> **Source data**:
^^^^^^^^

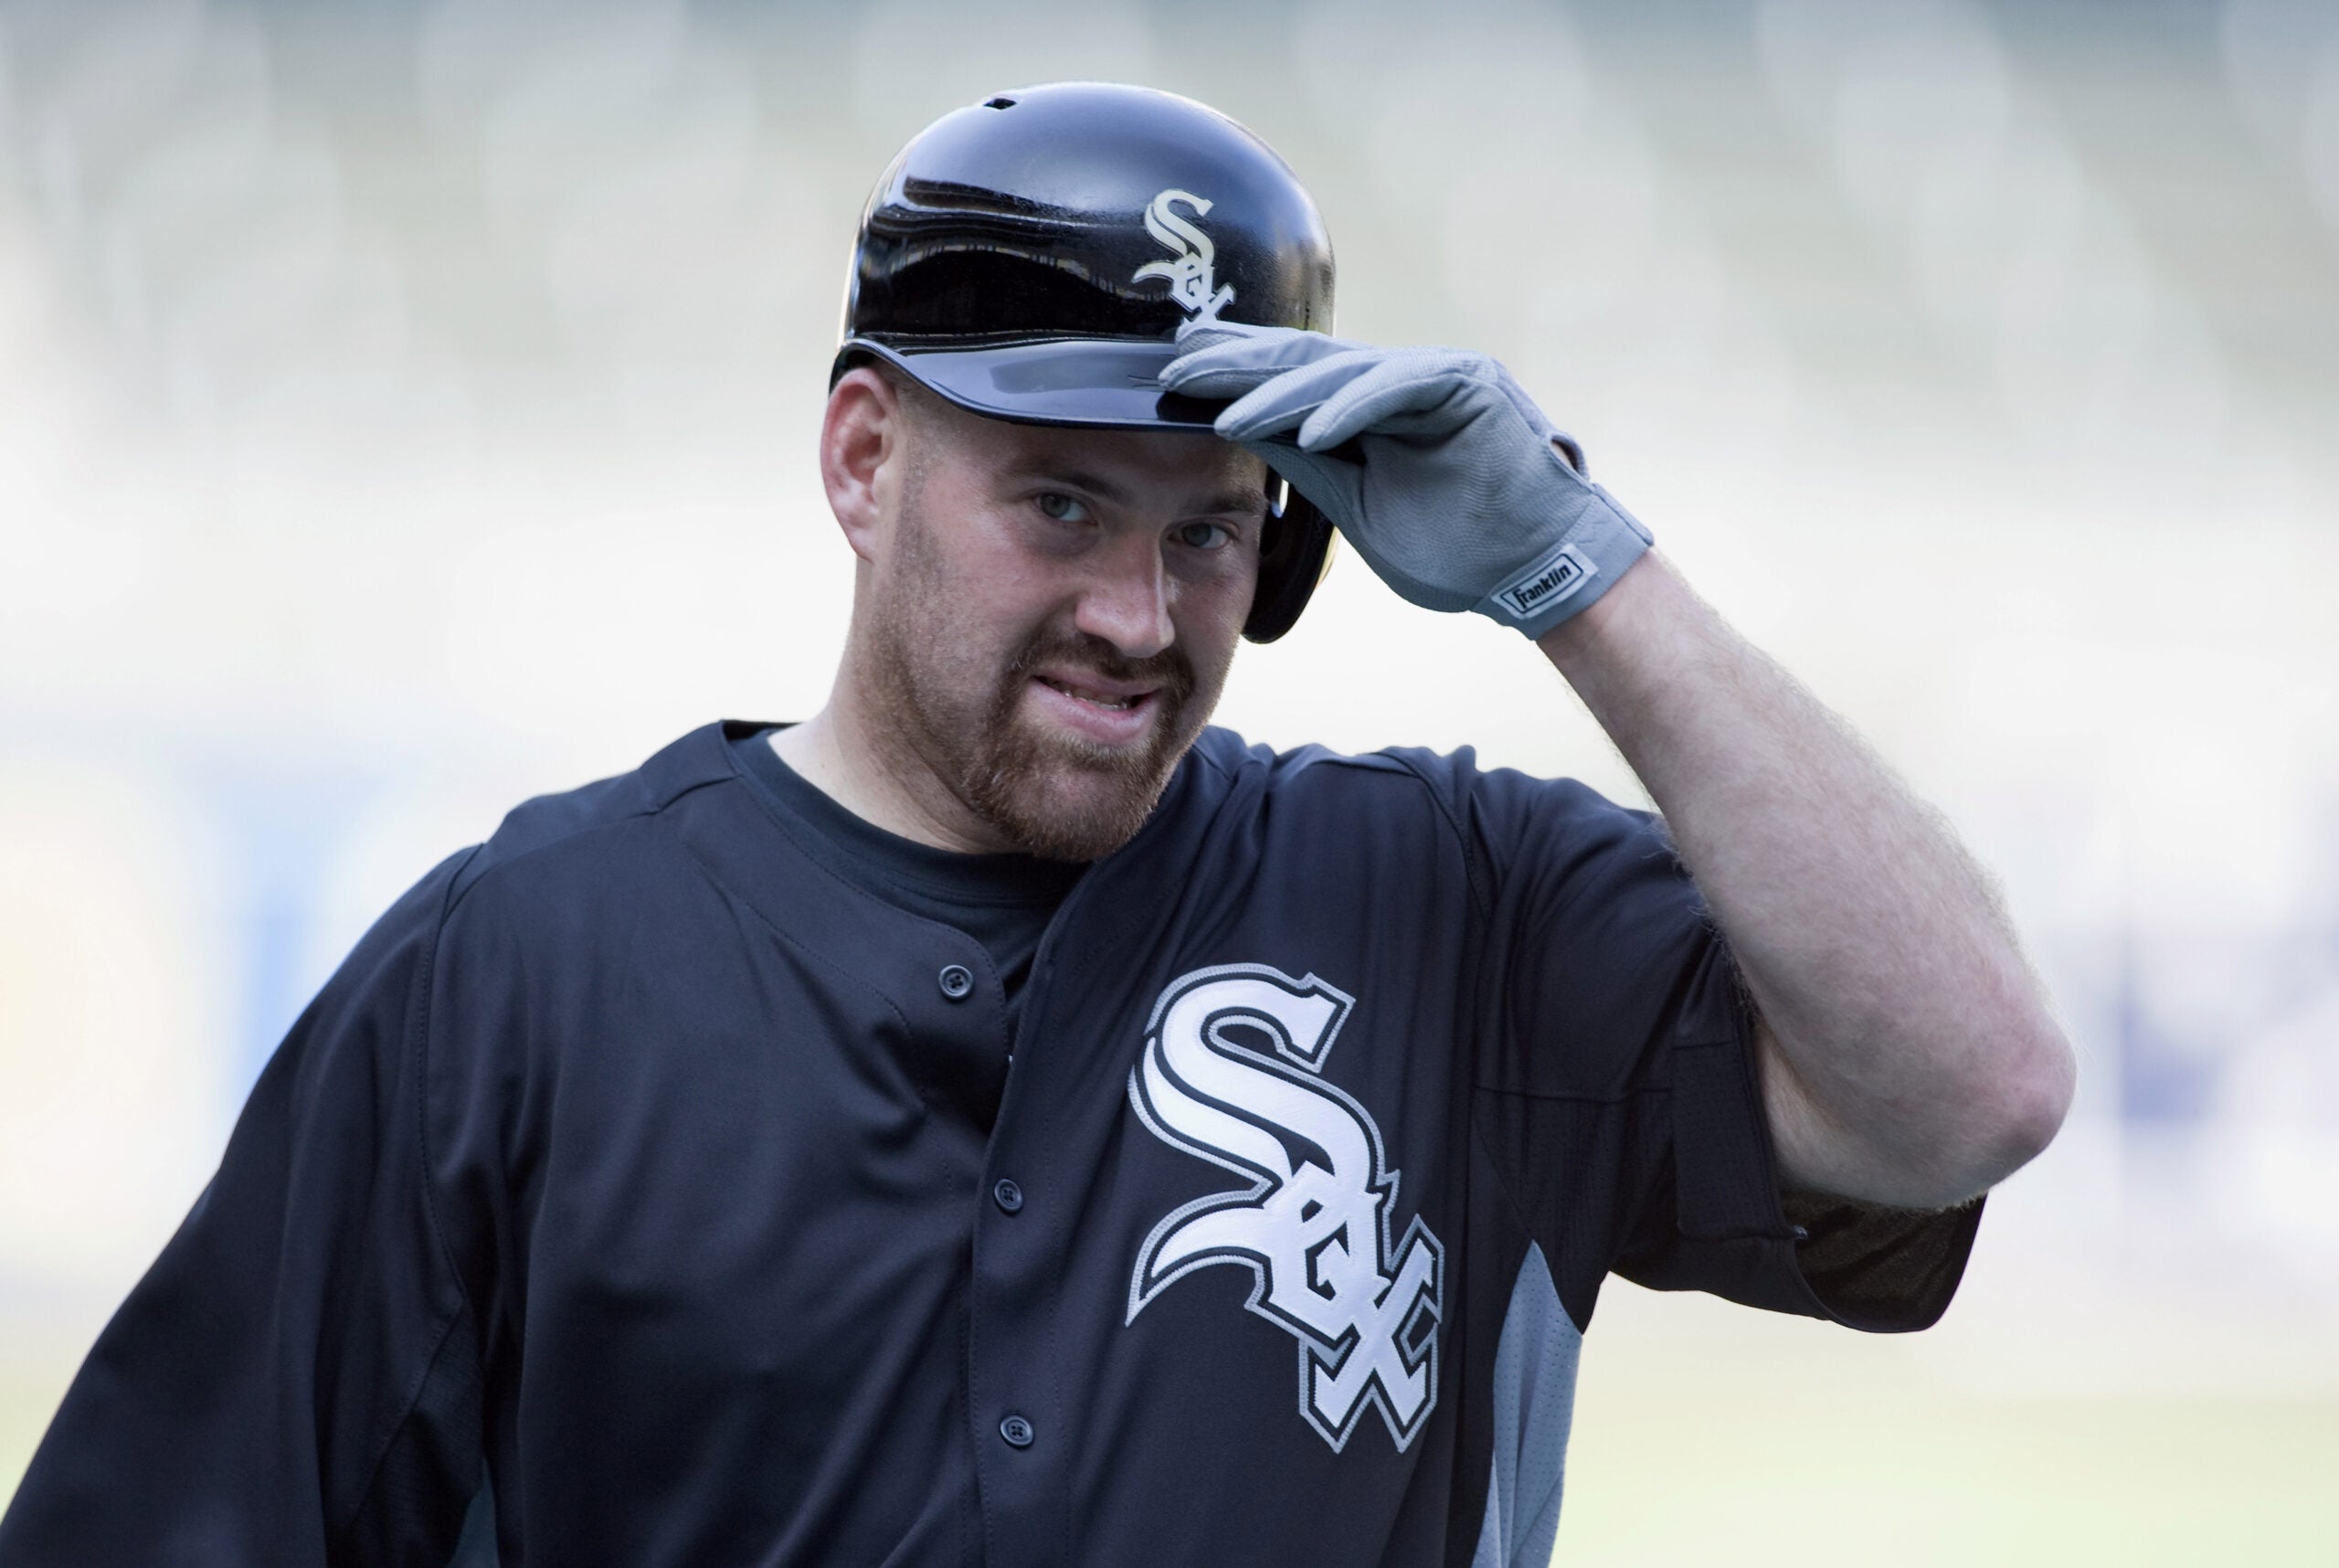 Kevin Youkilis will be Team Israel's hitting coach in 2023 World
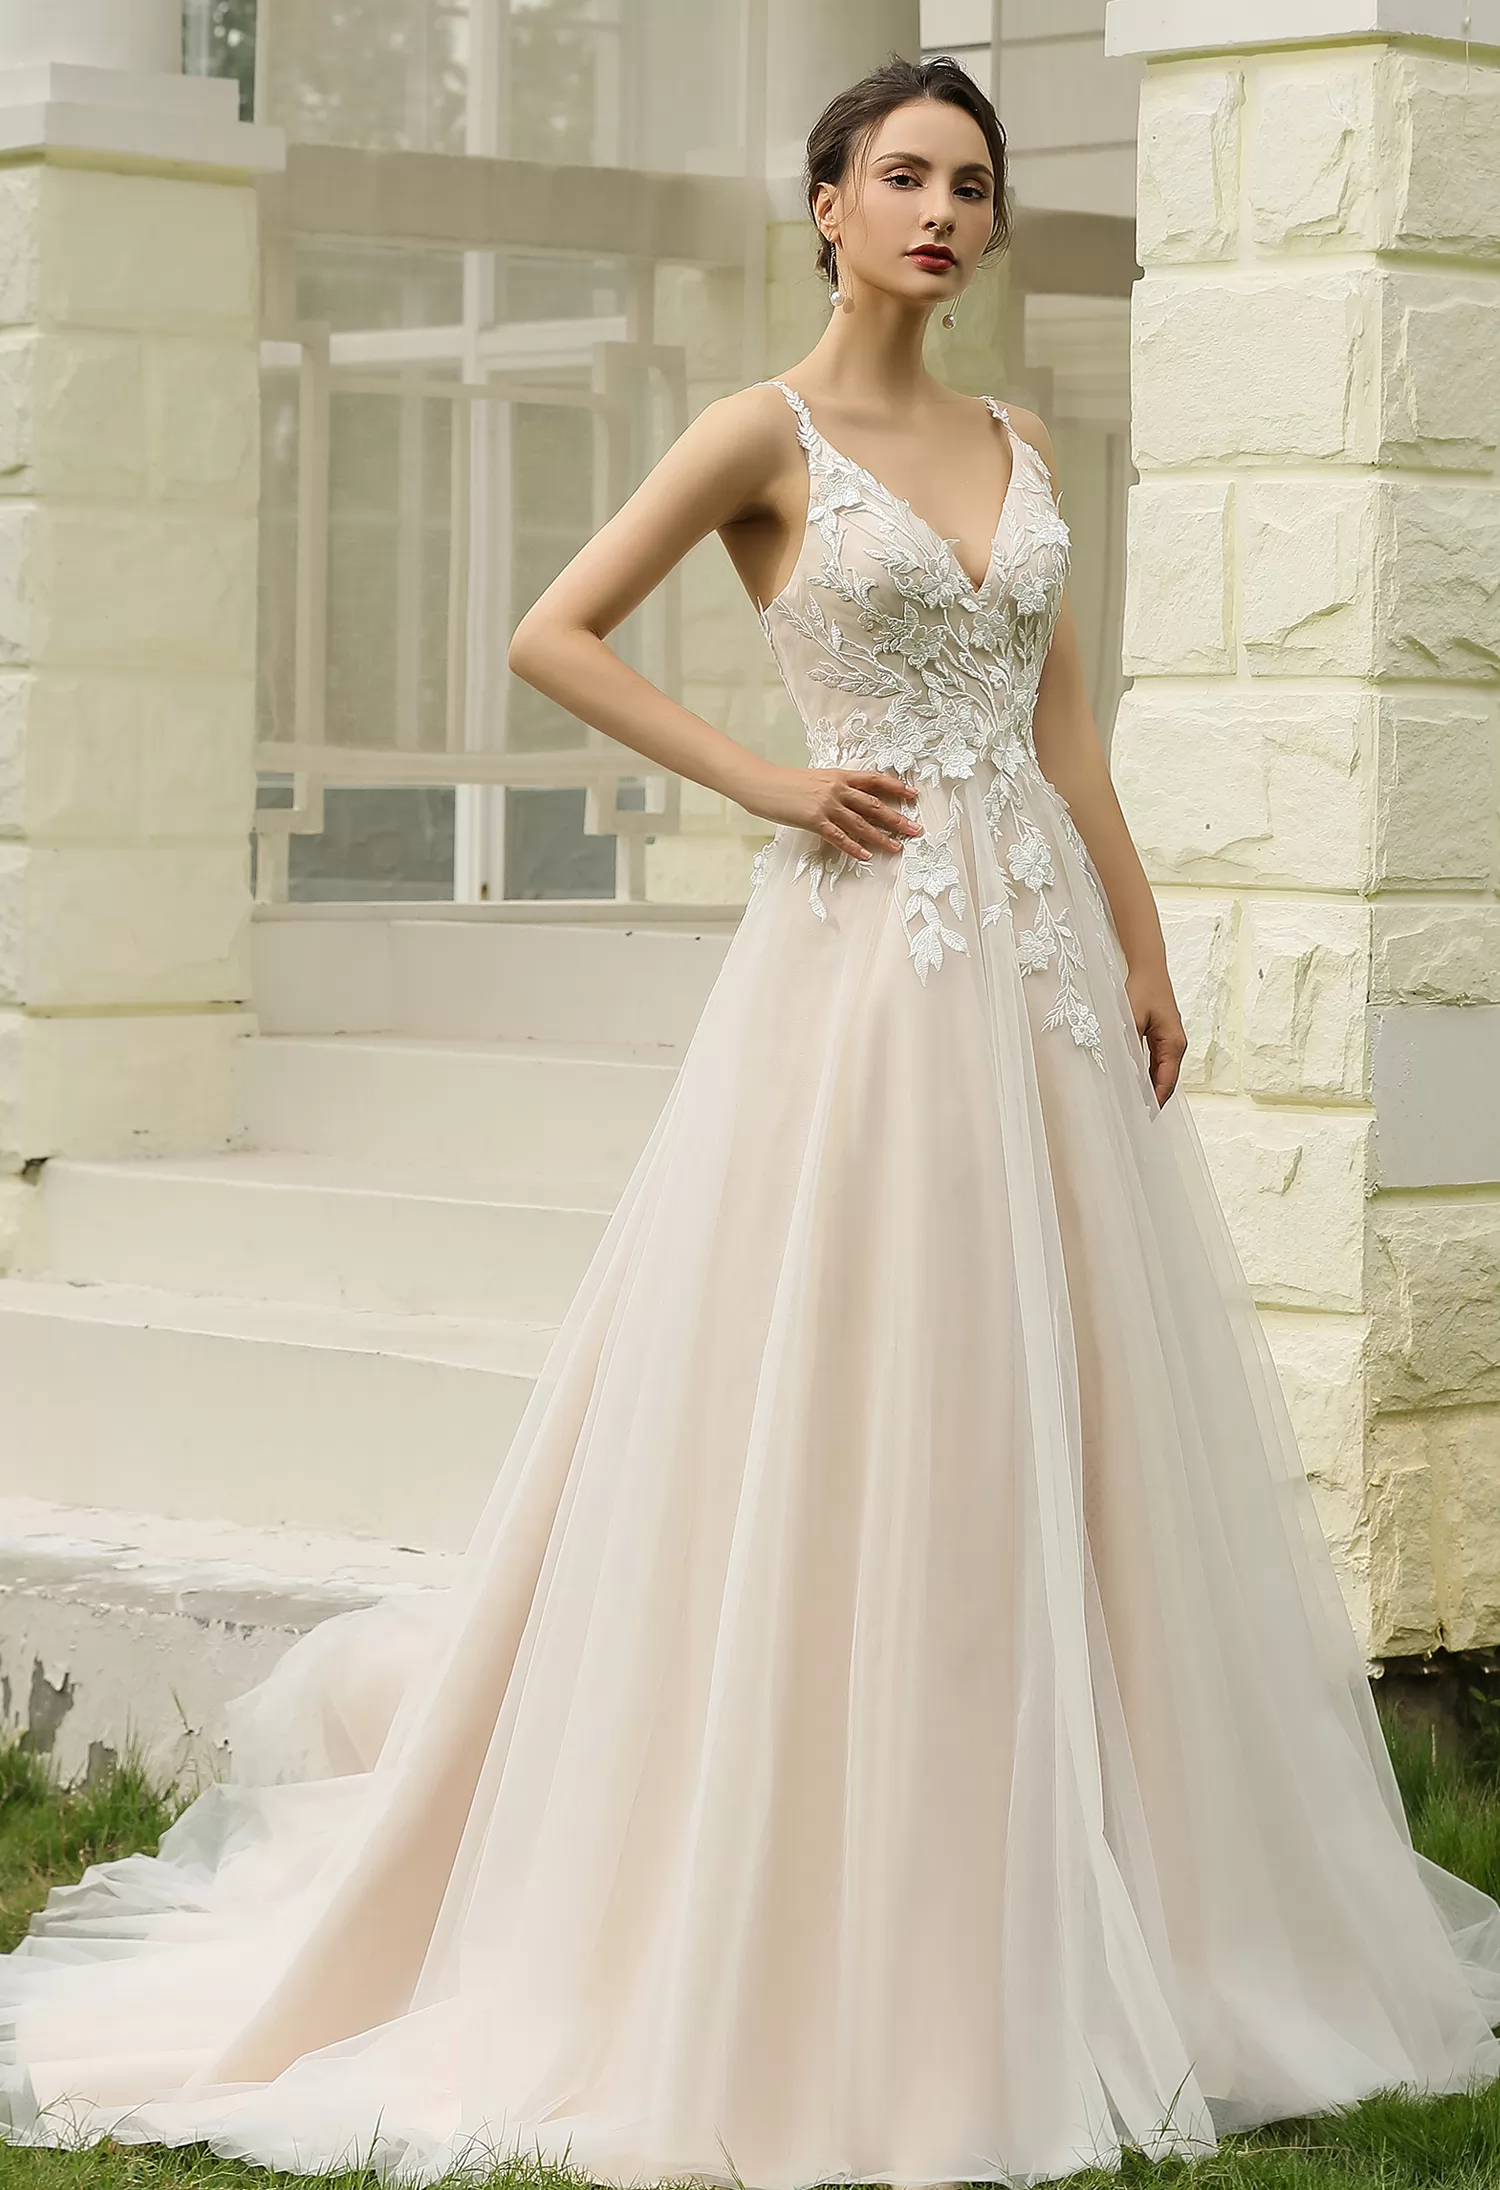 Princess Ballgown with Floral Lace Straps
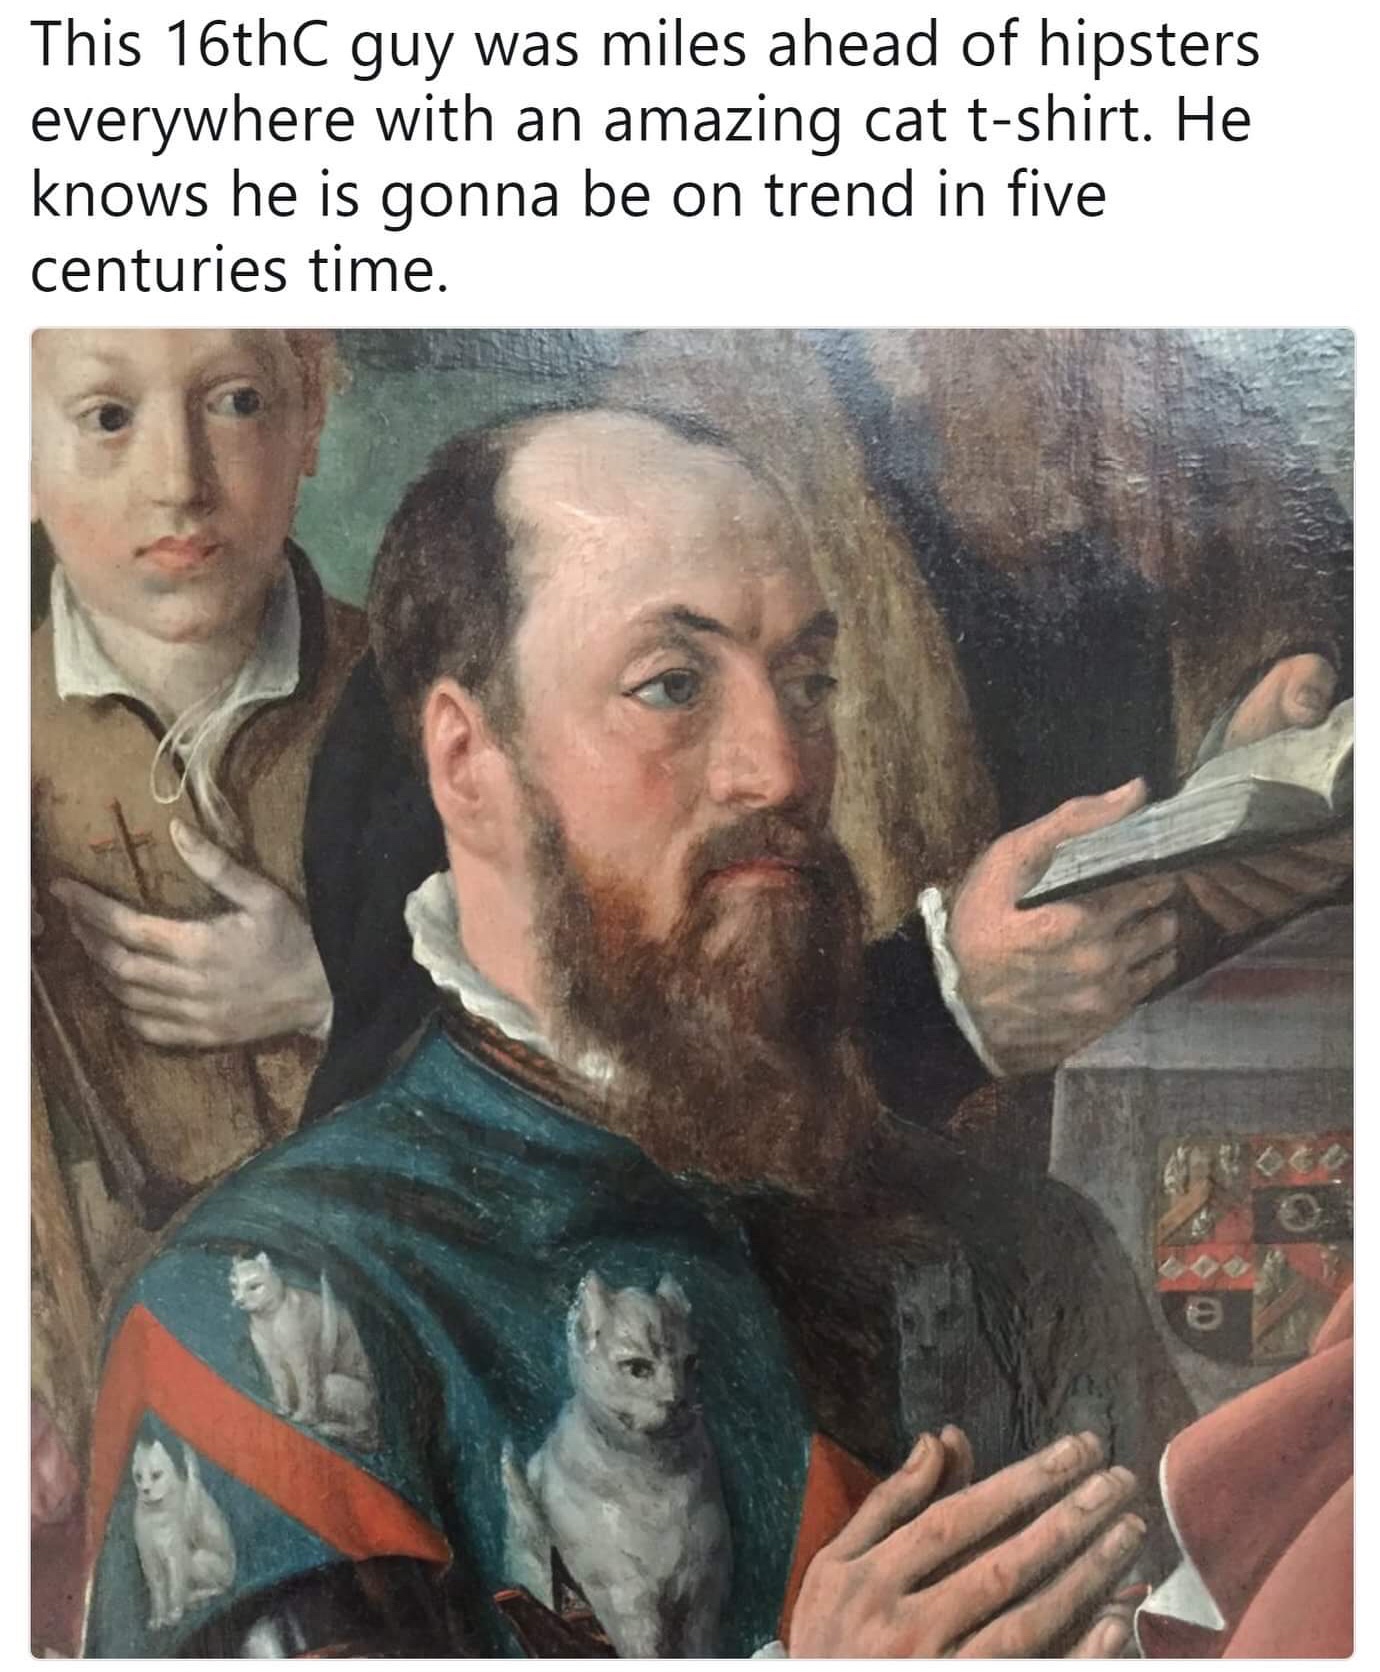 meme - got modern day - This 16th guy was miles ahead of hipsters everywhere with an amazing cat tshirt. He knows he is gonna be on trend in five centuries time.

^^^^^^^^

> **Exercise prompt**:
Write out the data above in full and exactly, but without the pictures.

> **Solved problem**:
 Kevin Youkilis will be Team Israel's hitting coach in 2023 World
 Princess Ballgown with Floral Lace Straps
 meme - got modern day - This 16th guy was miles ahead of hipsters everywhere with an amazing cat tshirt. He knows he is gonna be on trend in five centuries time.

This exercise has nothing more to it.